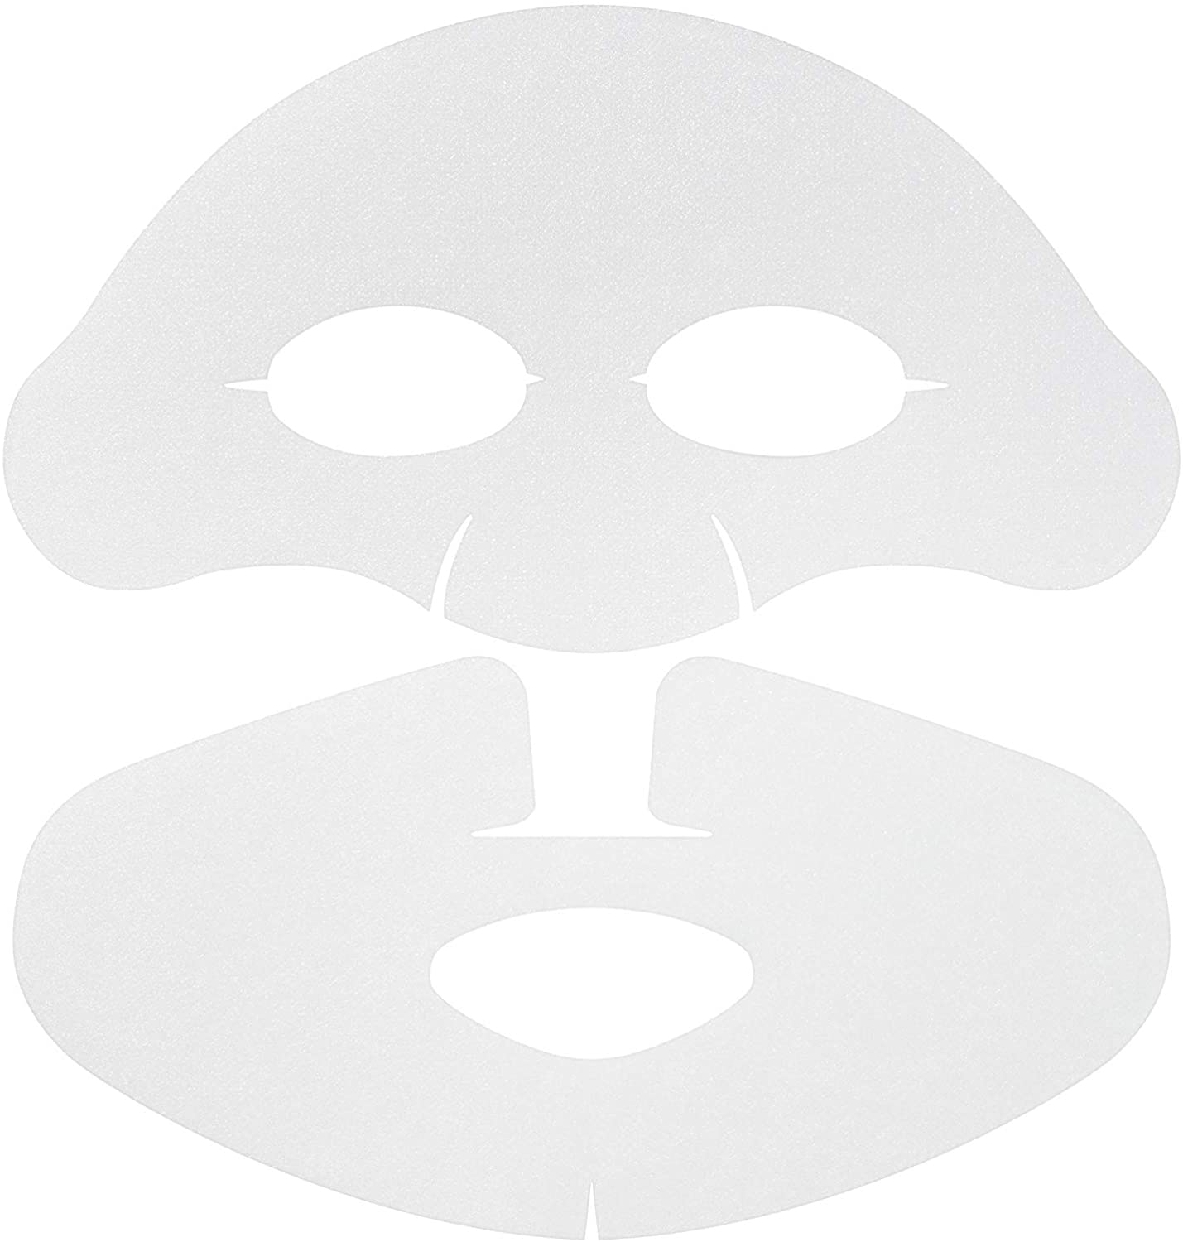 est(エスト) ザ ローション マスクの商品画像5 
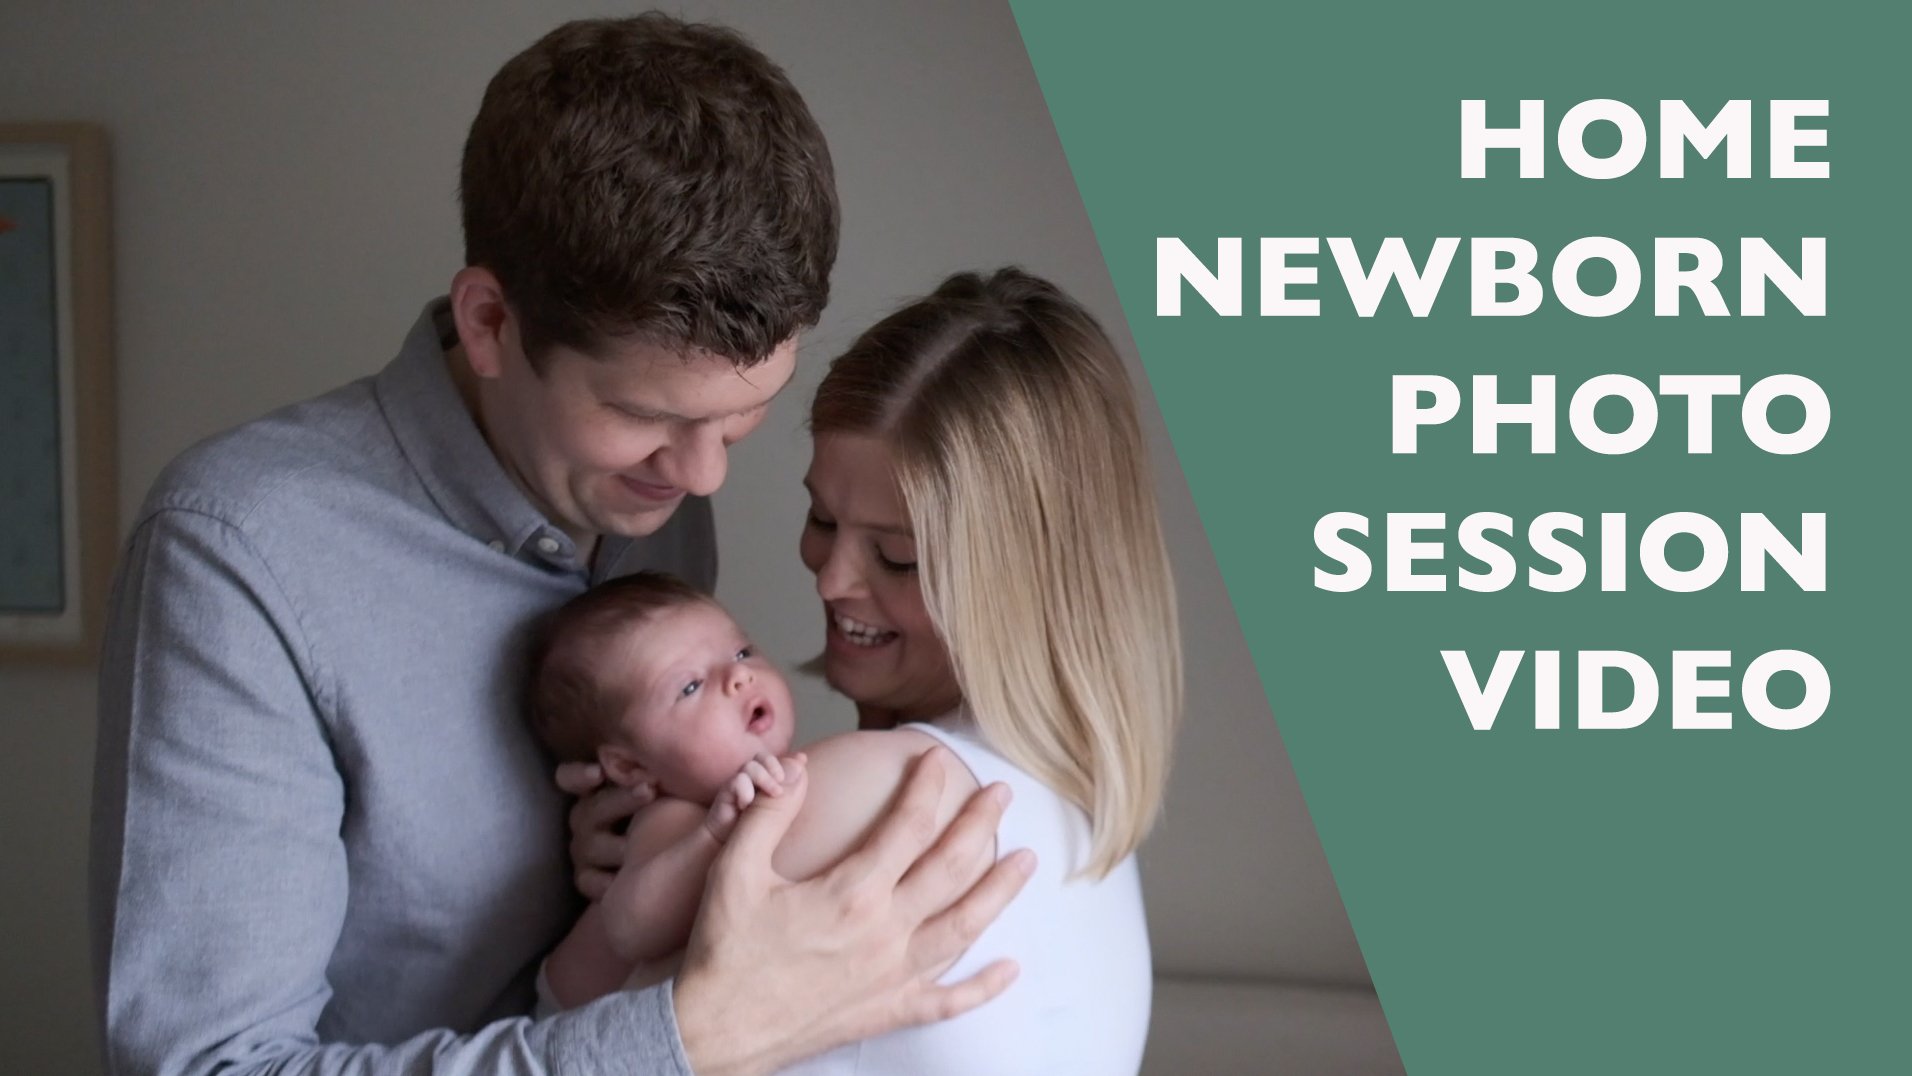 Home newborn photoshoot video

--

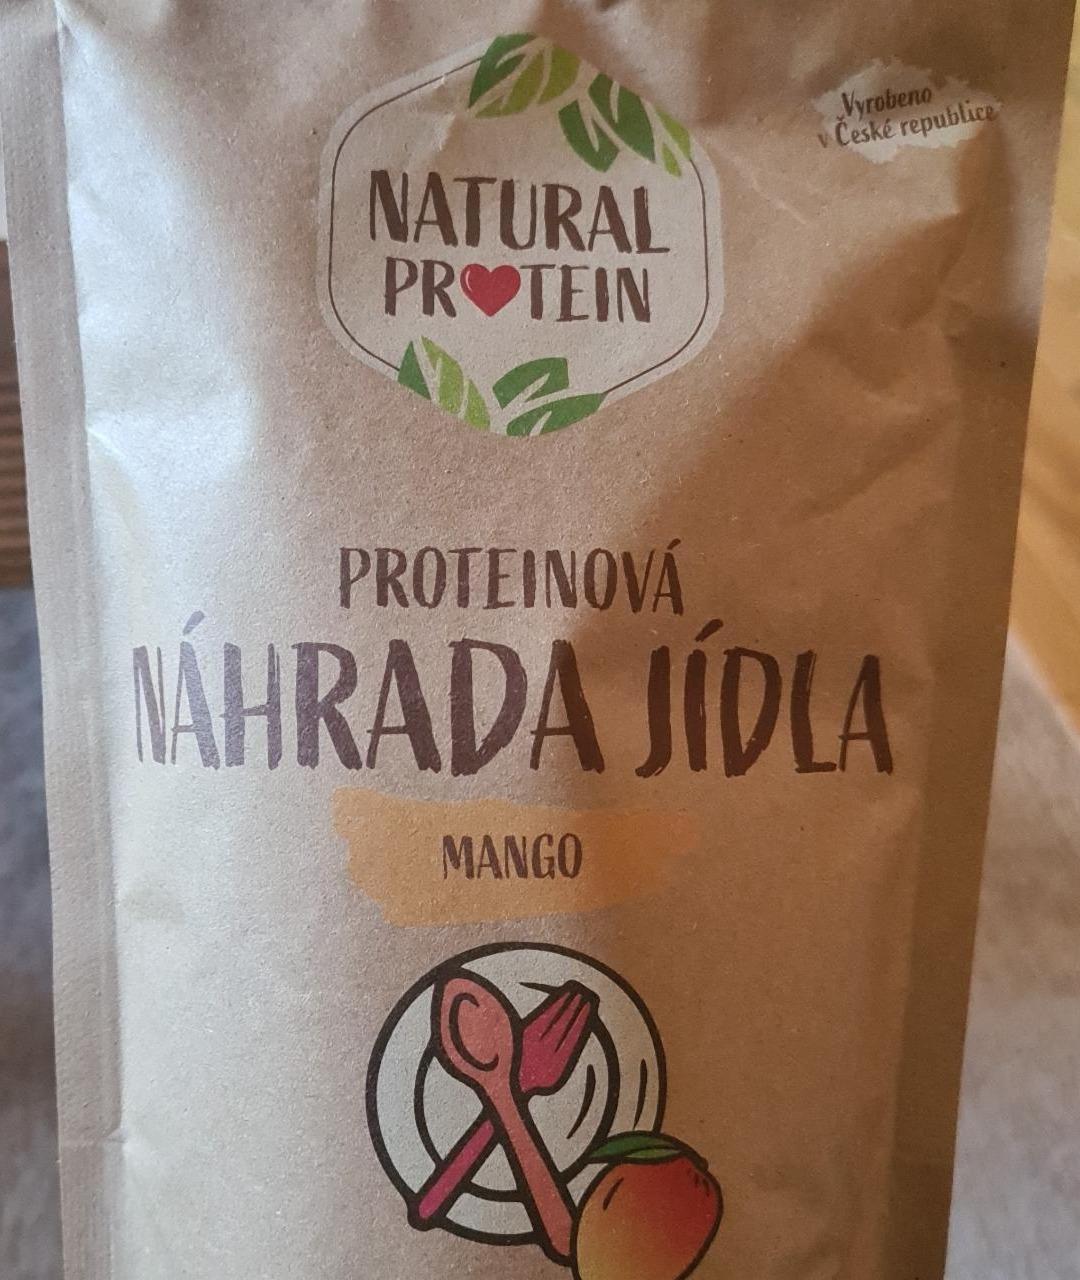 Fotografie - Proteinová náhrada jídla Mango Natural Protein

Problem requirements: Each line above that falls between the line with "est(エスト) ザ ローション マスクの商品画像5" and the line with "Home newborn photoshoot video" should be printed exactly, together with those two lines, but the pictures should not.

Finished task:
 est(エスト) ザ ローション マスクの商品画像5 
 Home newborn photoshoot video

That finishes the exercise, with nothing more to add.